One of my favorite features of this new blogging platform is the ability to create blog posts solely in Markdown. I’ve used a few blog platforms/services over the last decade or so, including Microsoft’s discontinued Windows Live Spaces, Wordpress, and Google’s Blogspot (a.k.a. Blogger). If you’ve ever tried to move all your content from one platform to another, then you’re familiar with some of the challenges (e.g., proprietary data, incompatible features). Markdown solves for many of those frustrations by rendering simple text files as HTML, PDF, and other commonly-used formats. In a subsequent post, I’ll describe some of the desktop/mobile apps I use to create, validate, and export Markdown files.

I’ve already put this to use by extracting all the entries from my old “Beazst Board” gamer blog (circa 2009-2010) from the XML file they were hiding in. If you use the search bar for my site and look for blog posts with the word “Beazst” in them, you’ll see them. By the way, “Beazst” is just something I made up since the usual spelling of that character/account name was often taken. “Beazst” is not intended as a reference to Christian eschatology; if anything the choice of name was inspired by an X-Men character.
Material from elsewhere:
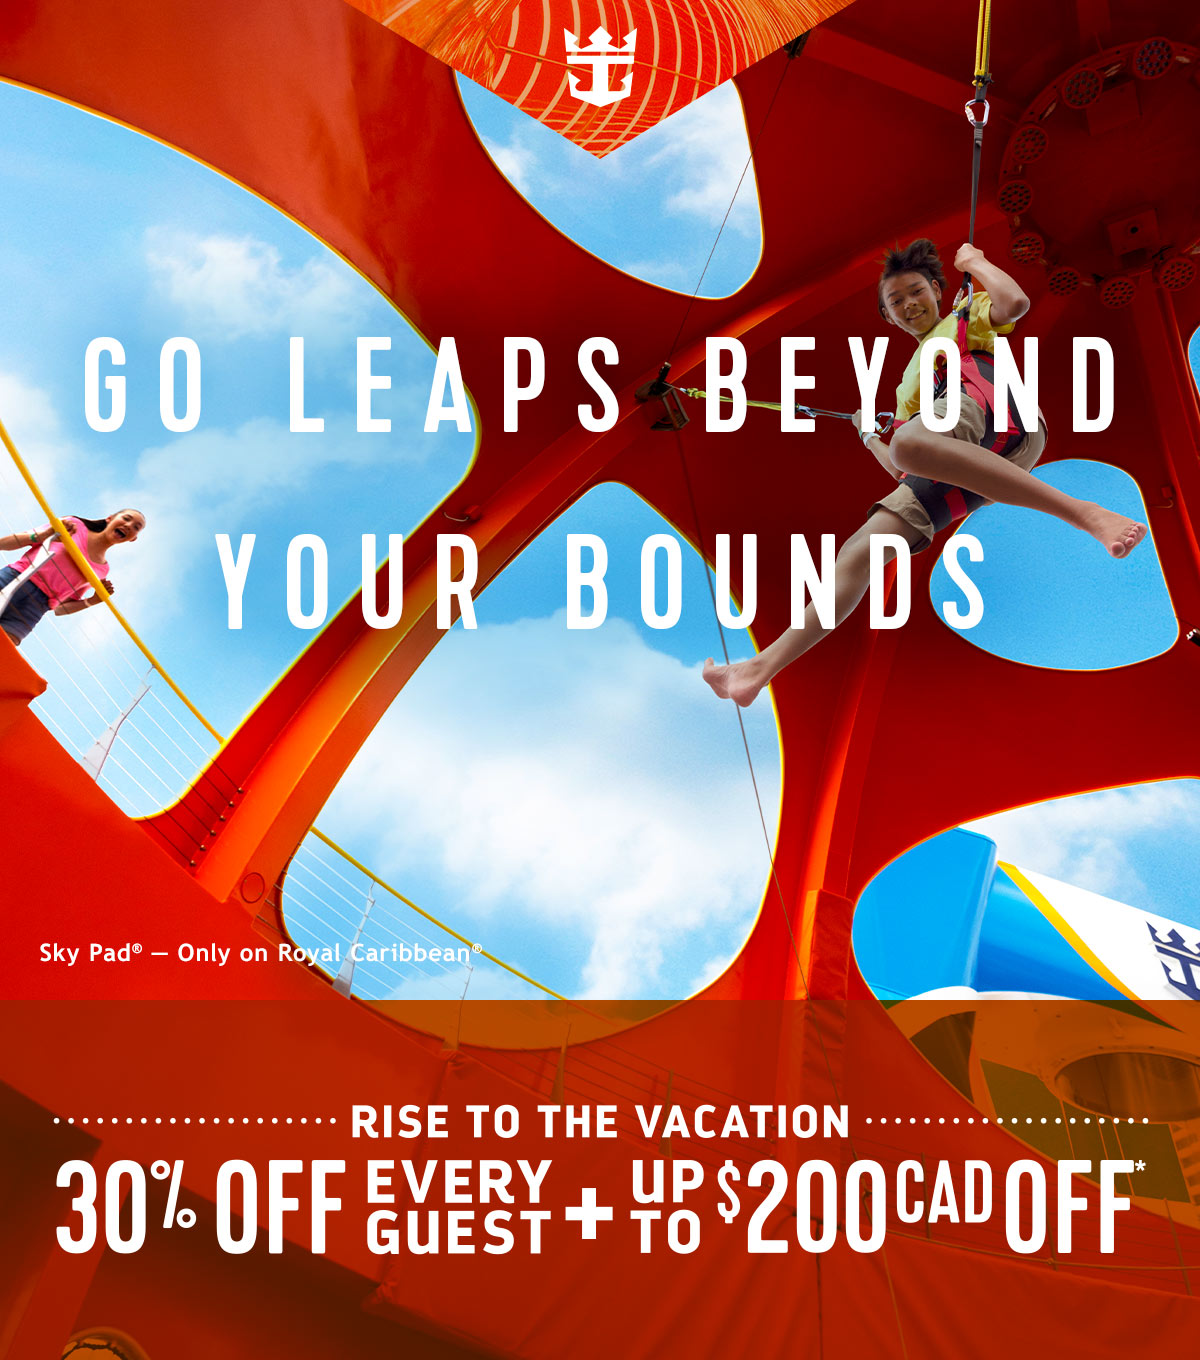 GO LEAPS BEYOND YOUR BOUNDS

In addition to those old blog posts, I quit Facebook at the beginning of 2019 (it’s been great!). Before I deleted my account, I exported all of my content from that service using their archive format. I’m planning to (selectively) replicate some of my most meaningful “blog posts” from Facebook here, using Markdown. =)

This post touches on a more significant theme when we think about the way technology has permeated society. Preservation is a real challenge, especially when you have digital content that outlives the technologies (e.g., operating systems, applications) needed to view it. Just as ancient books must by physically preserved to retain their content long-term, we should give some thought to digital preservation if we want our text, images, audio, video and other content to last.

I’d recommend thinking about (selectively) preserving your digital content. How will you share your digital content with others in a way that’s accessible a decade (or more) from now?